One company delivering on inflation-busting results right now is Campbell Soup Company (CPB). The company handily beat analyst expectations for earnings. And the company managed to increase revenue, while it also was able to raise prices for its goods.
Shares are just slightly higher over the past year, even as the overall market is slightly lower. And shares trade at 16 times forward earnings, a reasonable price for a basket of brands that can continue to increase prices and pass on inflation to their customers.
Action to take: The company is a solid dividend payer as well, with a 3.2 percent starting yield here. However, dividend growth has been a bit slow in recent years.

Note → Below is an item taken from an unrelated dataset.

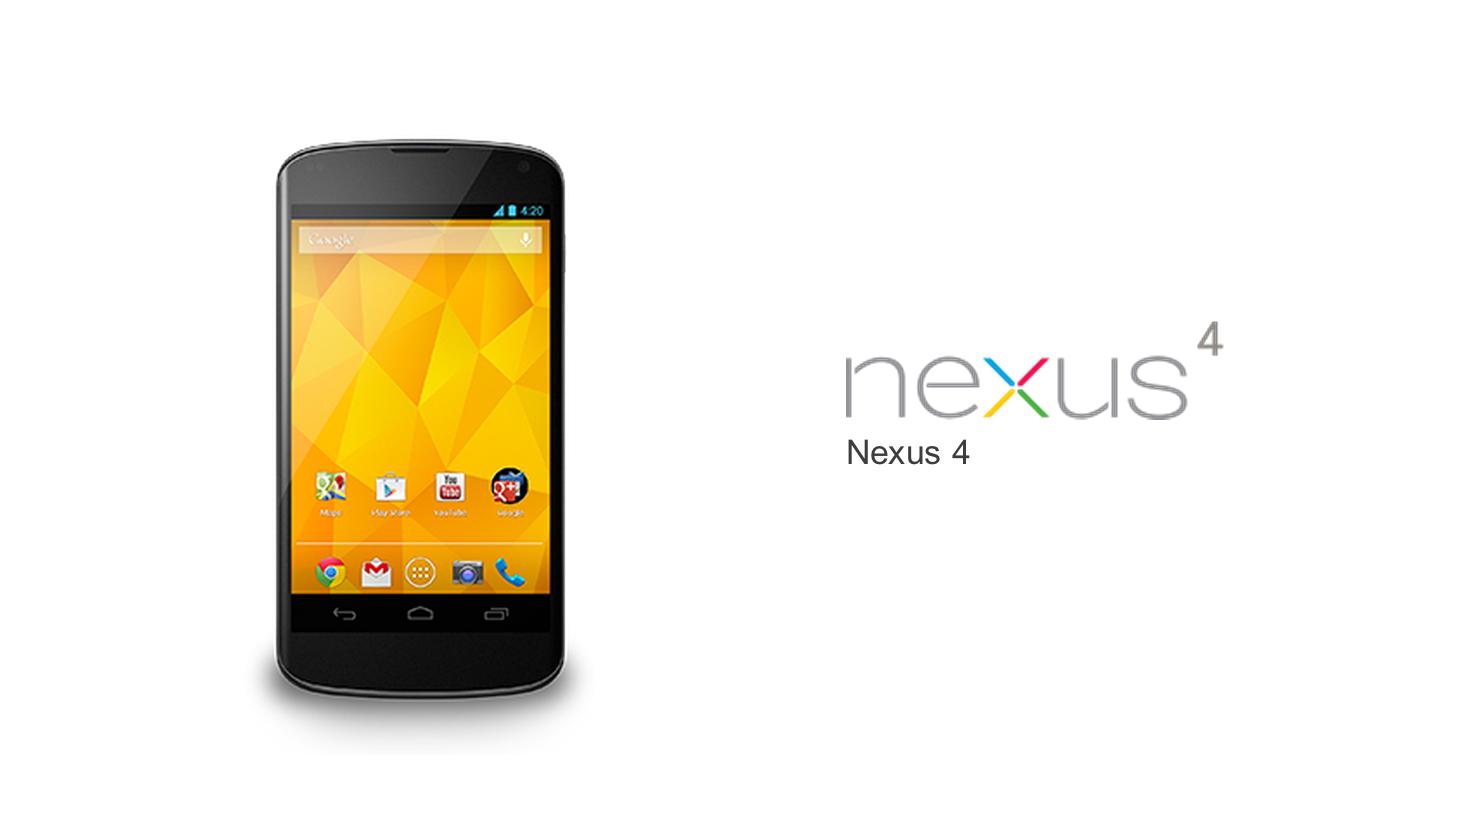 「Nexus 4」のアジア圏での発売日は11月下旬に。

For traders, the stock makes a reasonable holding for anyone expecting a further downside in growth stocks from here in particular. Shares can rise thanks to the overall market or as traders move to get increasingly defensive. That makes the November $50 calls, last going for about $2.10, attractive. The option can likely deliver mid-double-digit gains in the coming months.
Disclosure: The author of this article has no position in the company mentioned here, but may trade after the next 72 hours. The author receives no compensation from any of the companies mentioned in this article.